### PeruvianCartel's blog

By PeruvianCartel, 4 months ago,

Hi guys. So, Centroid Decomposition, I never really paid attention to its runtime. That is until I was doing a problem (in an OI contest) that goes kinda like this:

Statement: Given a tree of $N$ nodes ($N \leq 4*10^5$) that are not colored. There are two types of queries:
- Color a node.
- Among the nodes that are colored, print the furthest distance between two colored node.
Time limit: 1 second.

This problem looks like the classic and beloved E — Xenia and Tree. Therefore, I just used Centroid Decomposition without giving it much thought. And to my surprise, I got FST because my Centroid Decomposition code was too slow. And I was really confused. You know, an $O(N * log N)$ algorithm getting TLE with $N = 10^6$ sounds unlikely already, let alone $N = 4*10^5$. Not only that, it took twice as long as I would have liked.

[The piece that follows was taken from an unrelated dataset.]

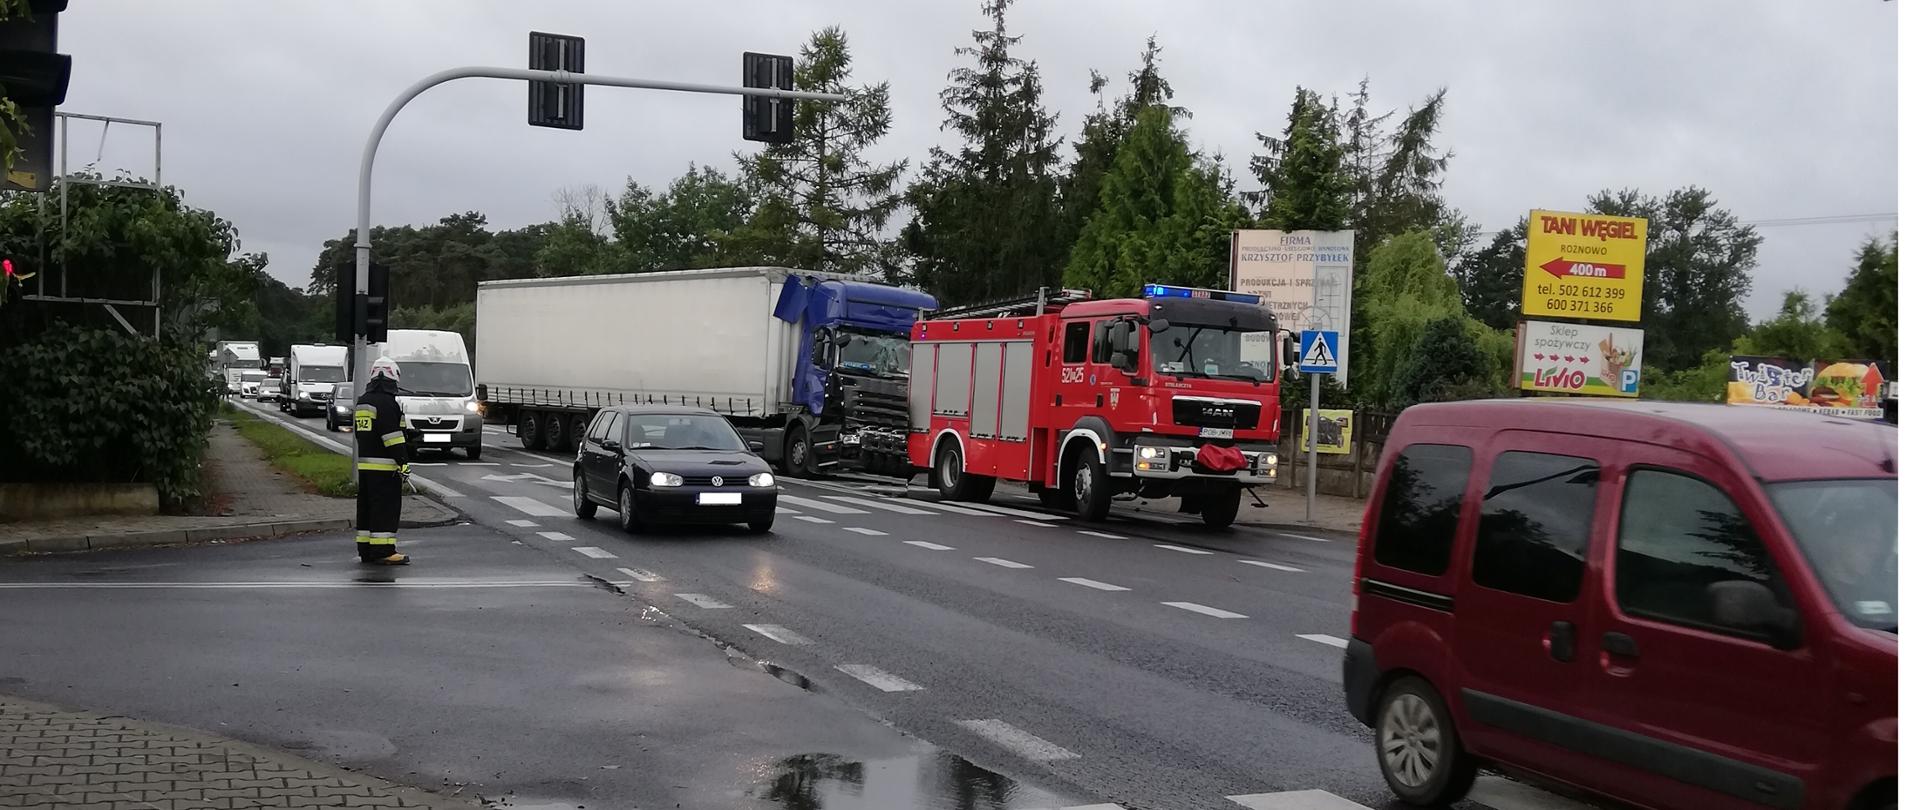 na skrzyżowaniu strażak kieruje ruchem na poboczu stoi rozbita ciężarówka i pojazd ratowniczo - gaśniczy

So... Why is that? Why is centroid decomposition so slow? I mean, it's literally find centroid of a tree, remove that node and do the same for all of the subtrees, ooga booga and you're done, so I really have no clue what is holding it back, and how do you optimize Centroid Decomposition (aka what is the best way to implement Centroid Decomposition for speed without touching black magic such as SIMD and pragma)? Here is my Centroid Decomposition implementation: 237313601

• +3

By PeruvianCartel, history, 4 months ago,

Hi guys. I was upsolving OI problems, when I stumbled upon this:

Statement: There are $n$ soldiers standing in a line, whose heights are distinct. A dude can be seen from the left side if there are no other dude to the left of him that is taller than him, and the same goes for the right side. Given $n$, $p$, $q$ ($n \leq 2000$), count how many way to arrange these dudes such that there are exactly $p$ dudes that can be seen from the left side, and $q$ dudes that can be seen from the right side. TL = $1$ second on a judge that runs as fast as Codeforces.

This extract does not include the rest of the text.